* _Given material_:

BEGIN

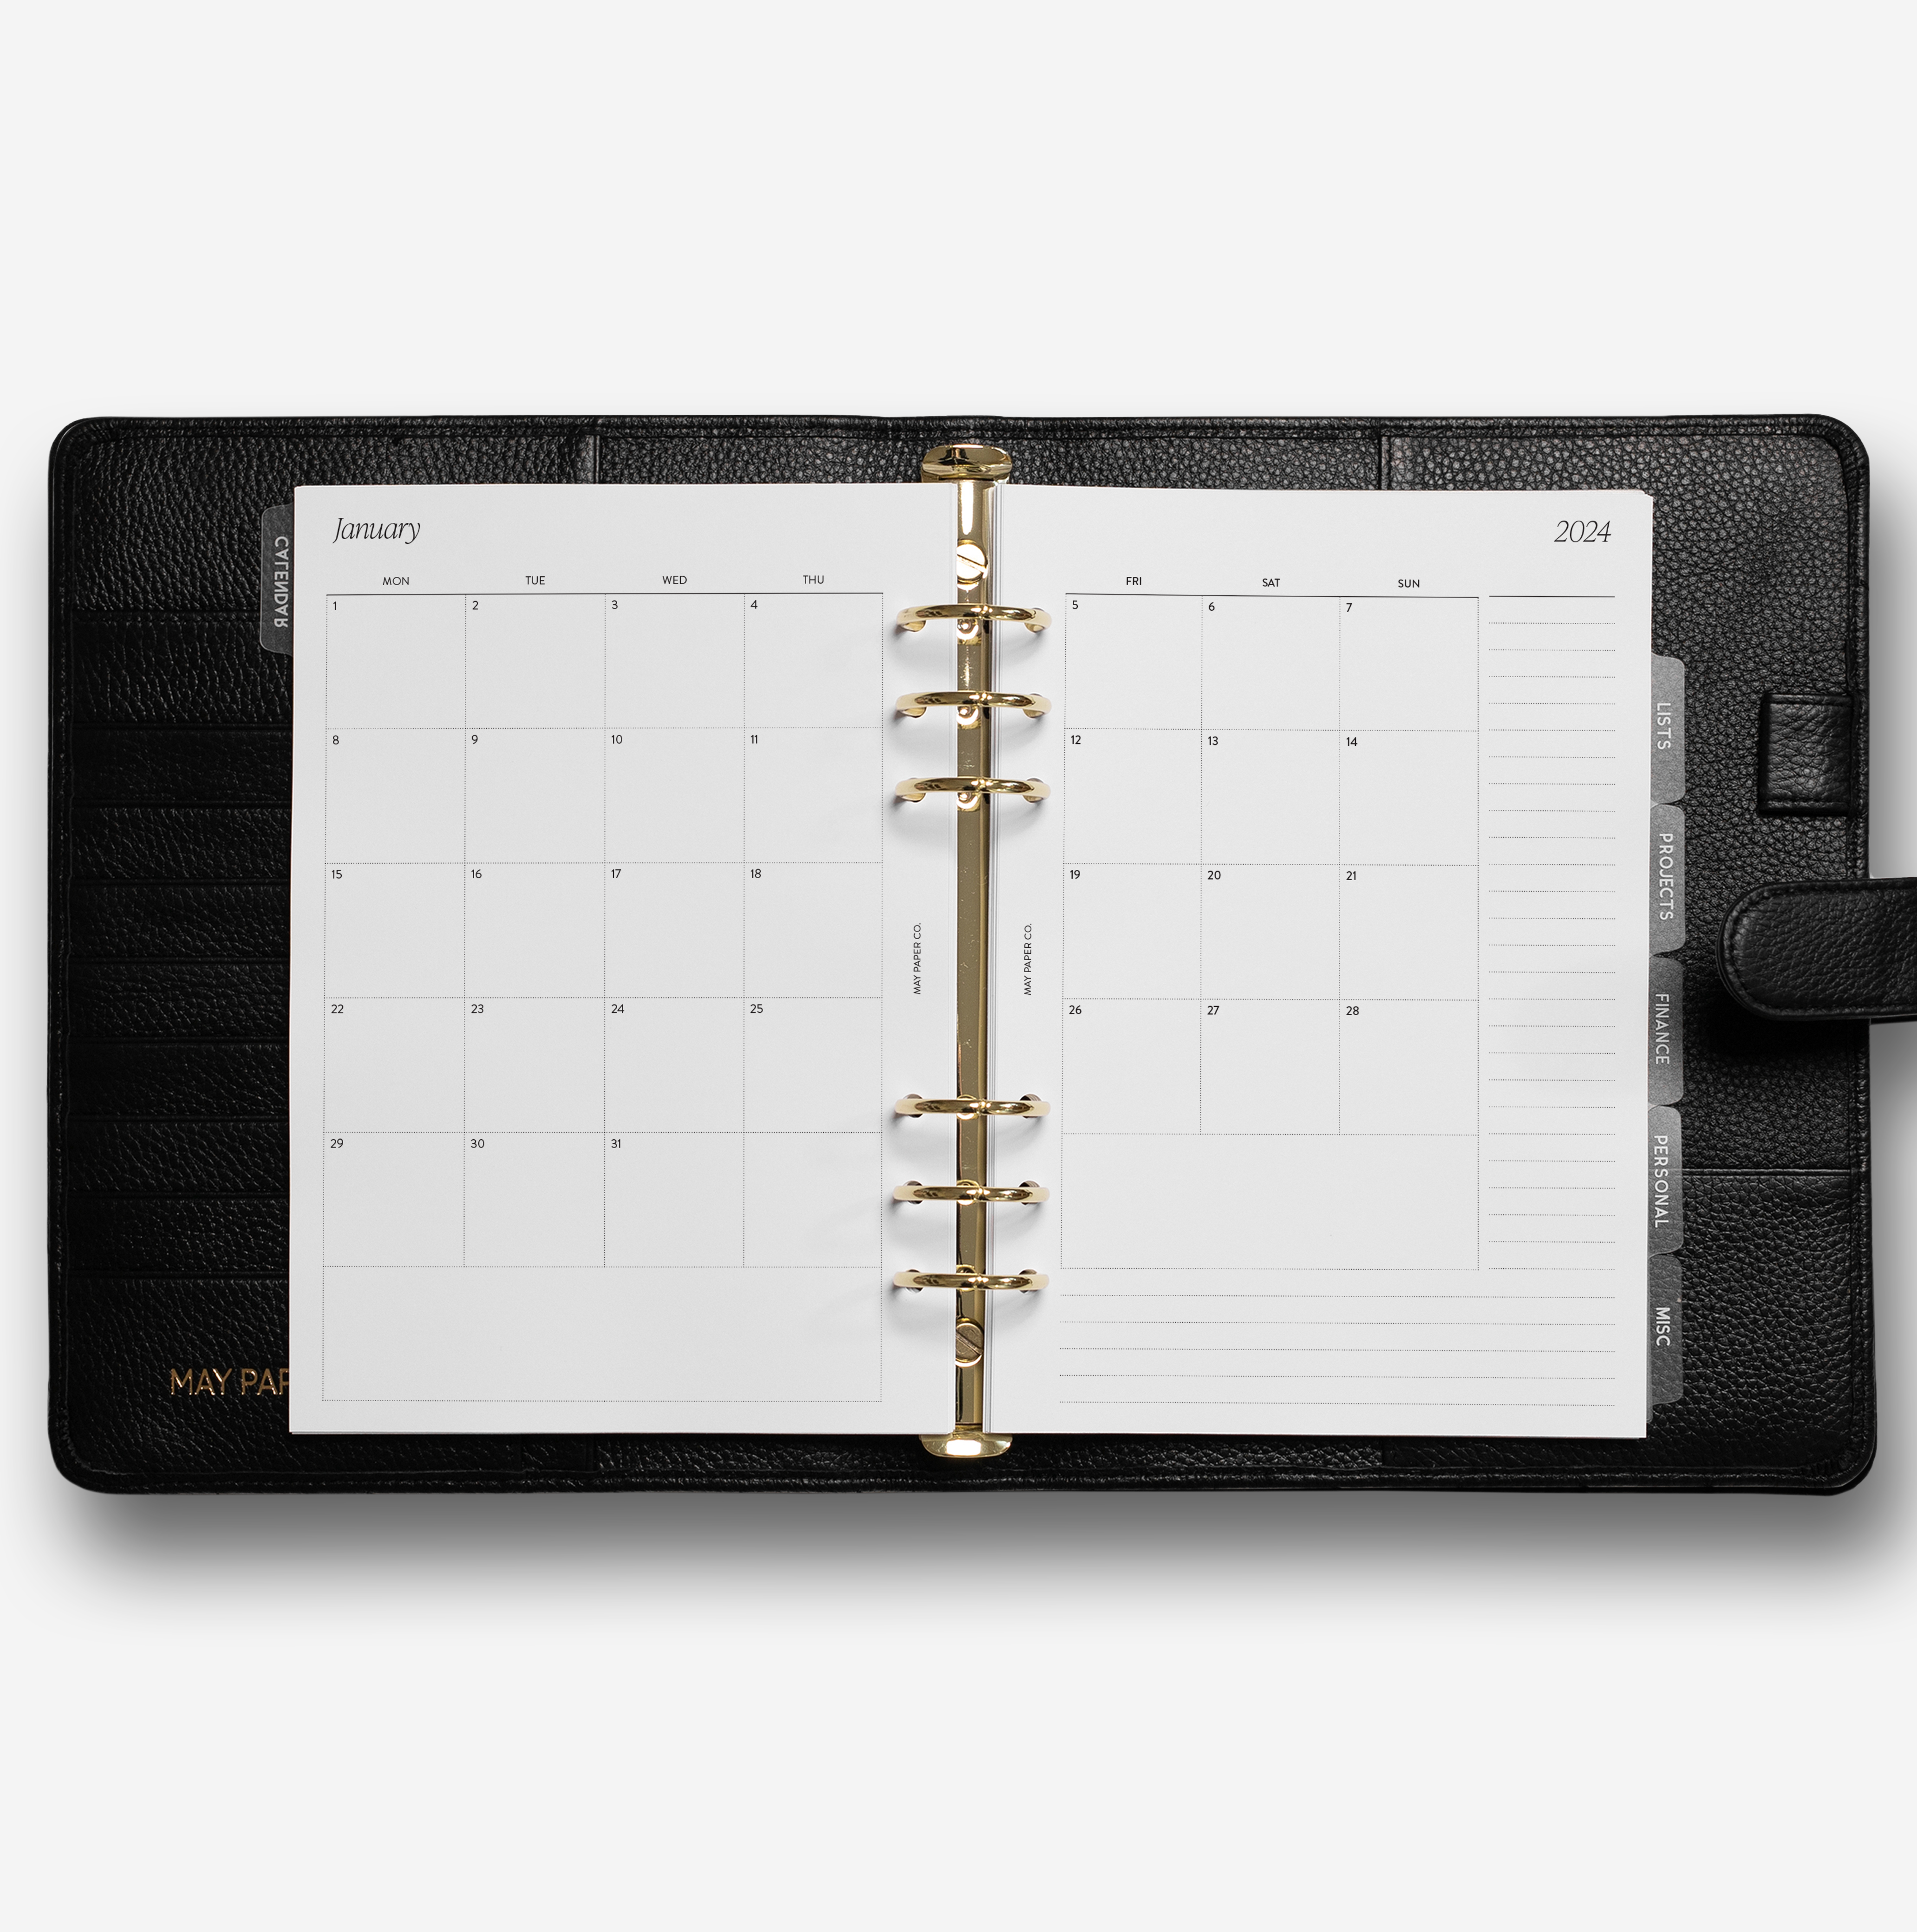 Notebook (Agenda) refill - PM size
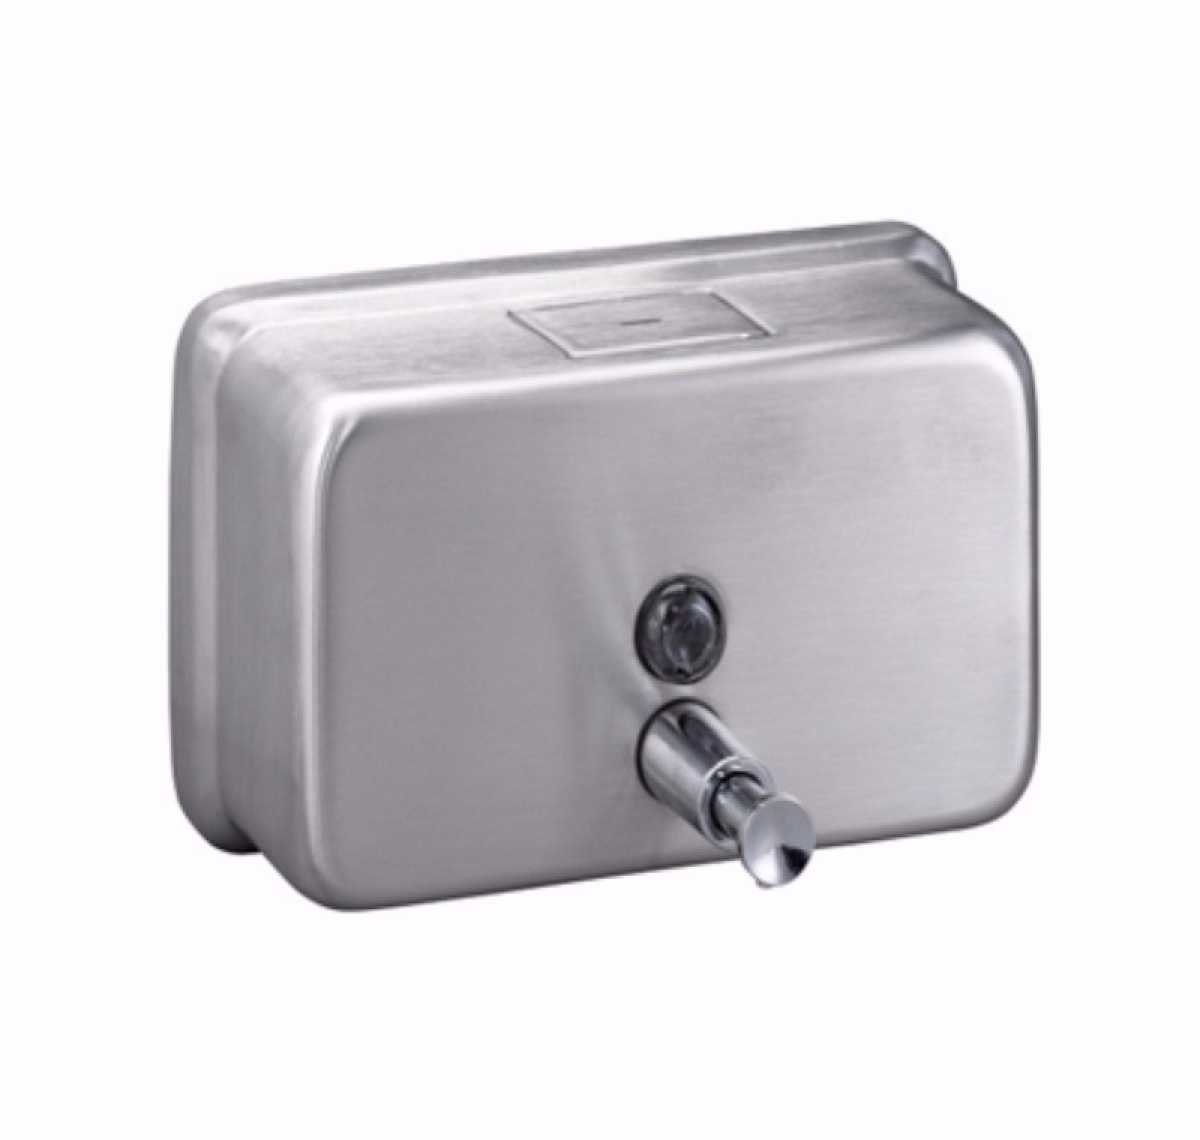  Horizontal Liquid Soap Dispenser, 1000 ml 
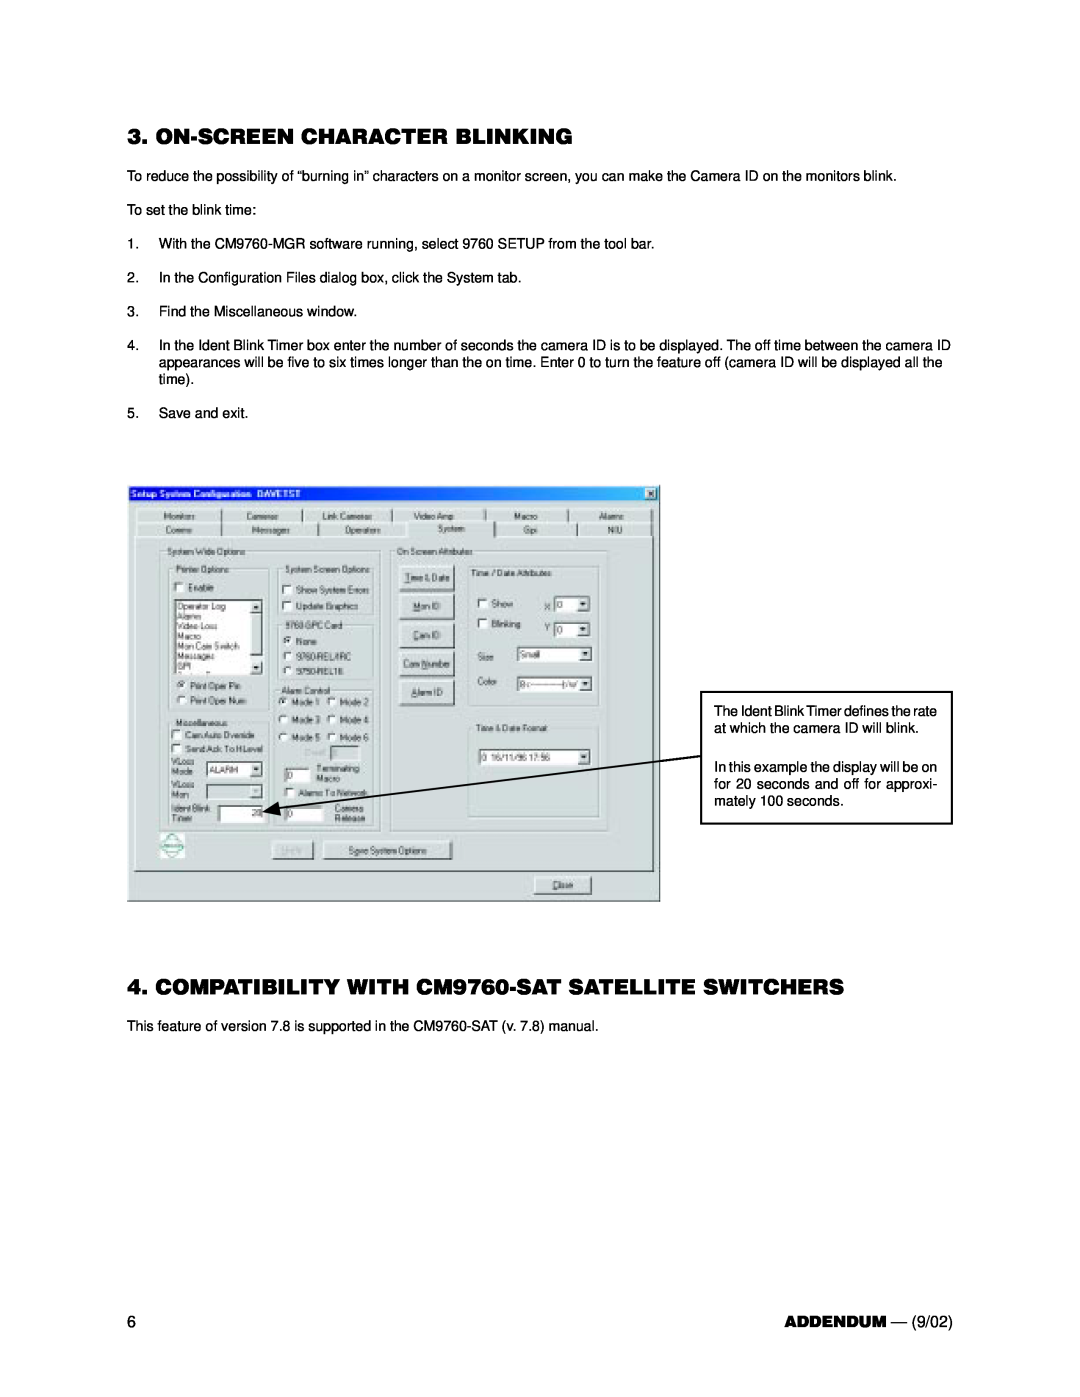 Pelco CM9760-MGR user manual On-Screencharacter Blinking, ADDENDUM - 9/02

END

* _What the exercise asks_:
Restate the data exactly, though only from the line that contains "Horizontal Liquid Soap Dispenser, 1000 ml" through its last line, both ends included and with the pictures left out.

* _Response to the exercise_:
  Horizontal Liquid Soap Dispenser, 1000 ml 
 Pelco CM9760-MGR user manual On-Screencharacter Blinking, ADDENDUM - 9/02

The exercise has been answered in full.